A Mysterious Gift: The Story of A Pala Era Buddha Sculpture
This amazing sculpture of Buddha, the one that you see above, calling the earth to witness (His right hand is in the Bhumisparsa Mudra) belongs to the Bengal Pala dynasty period. The problem is that this sculpture is currently with the National Gallery of Australia, Canberra
The online provenance record rather mischievously says the sculpture came from Bengal, India or Bangladesh. It further says that the sculpture was “Presented by the High Commissioner for India, Government of India, 1969”. Now, is that true and are there records to show this?

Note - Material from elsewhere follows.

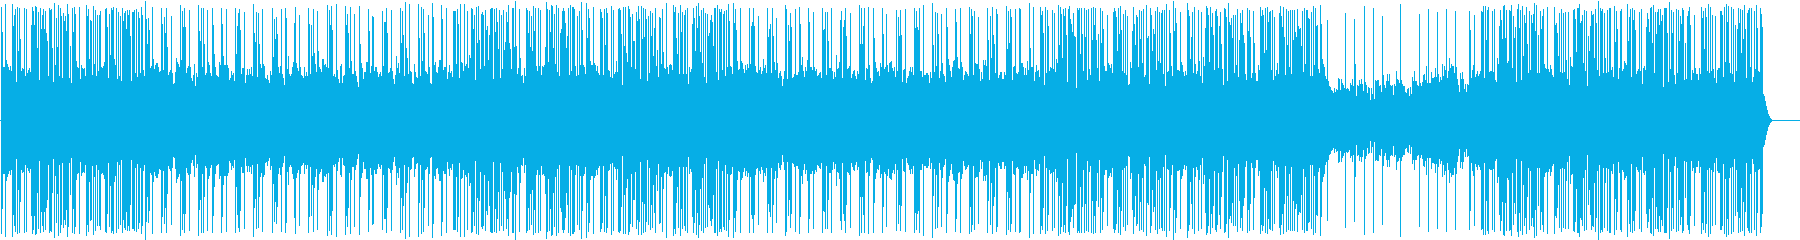 ピアノループ/ブラス/ビート/ダーク#2の再生済みの波形

The extended text in the provenance record further adds, “The sculpture was selected by the Prime Minister of India, Indira Gandhi, and brought to Australia by her on a state visit in May 1968. It was presented by the High Commissioner for India in 1969 as a goodwill gesture, acknowledging Australia’s commitment to representing the high cultural achievements of India.”
However, a careful reading of Australia’s own Independent Review by Justice Crenan (released in 2015) only says “...the provenance of this object has been assessed as ‘highly unlikely to be problematic. The object was given to the National Gallery of Australia (NGA) in 1969 by the Indian Government.”
The object, as described above, was apparently selected by the then Prime Minister, Indira Gandhi, and was presented by the High Commissioner for India in Australia to the Interim Council of the NGA. One of the functions of the NGA advertised in that context was ‘to collect works of art representing the high cultural achievement of Australia’s neighbours in Asia'.
Now the said Prime Ministerial visit of Indira Gandhi to Australia was in May 1968 as can be seen from the public records. And except for her request to take home a Koala bear (which was turned down) there was no mention of the gifting of this Buddha sculpture.
This begs the question as to why she brought with her a Buddha sculpture on a rushed state visit (she visited Malaysia, Singapore, New Zealand before Australia on that trip). And why did the High Commissioner wait for a year before giving it to Australian authorities?
Further the provenance record doesn’t even mention the High Commissioner’s name - considering the year in question – the 9th HCI was Shri D. N. Chatterjee (1965 to 1968) and the 10th was Shri A.M. Thomas (1969 to 1972)
It is now amply clear that there is no paperwork with the NGA for this gift - so where does the part about “as a goodwill gesture, acknowledging Australia’s commitment to representing the high cultural achievements of India” come from ?
Questions arise as to how national antiquities could be taken out of the country (albeit even by the then Prime Minister). And how come the Externals Affairs Ministry or the Ministry of Culture cannot check and confirm any of this despite this report being in public domain for the past five years? Mysterious indeed.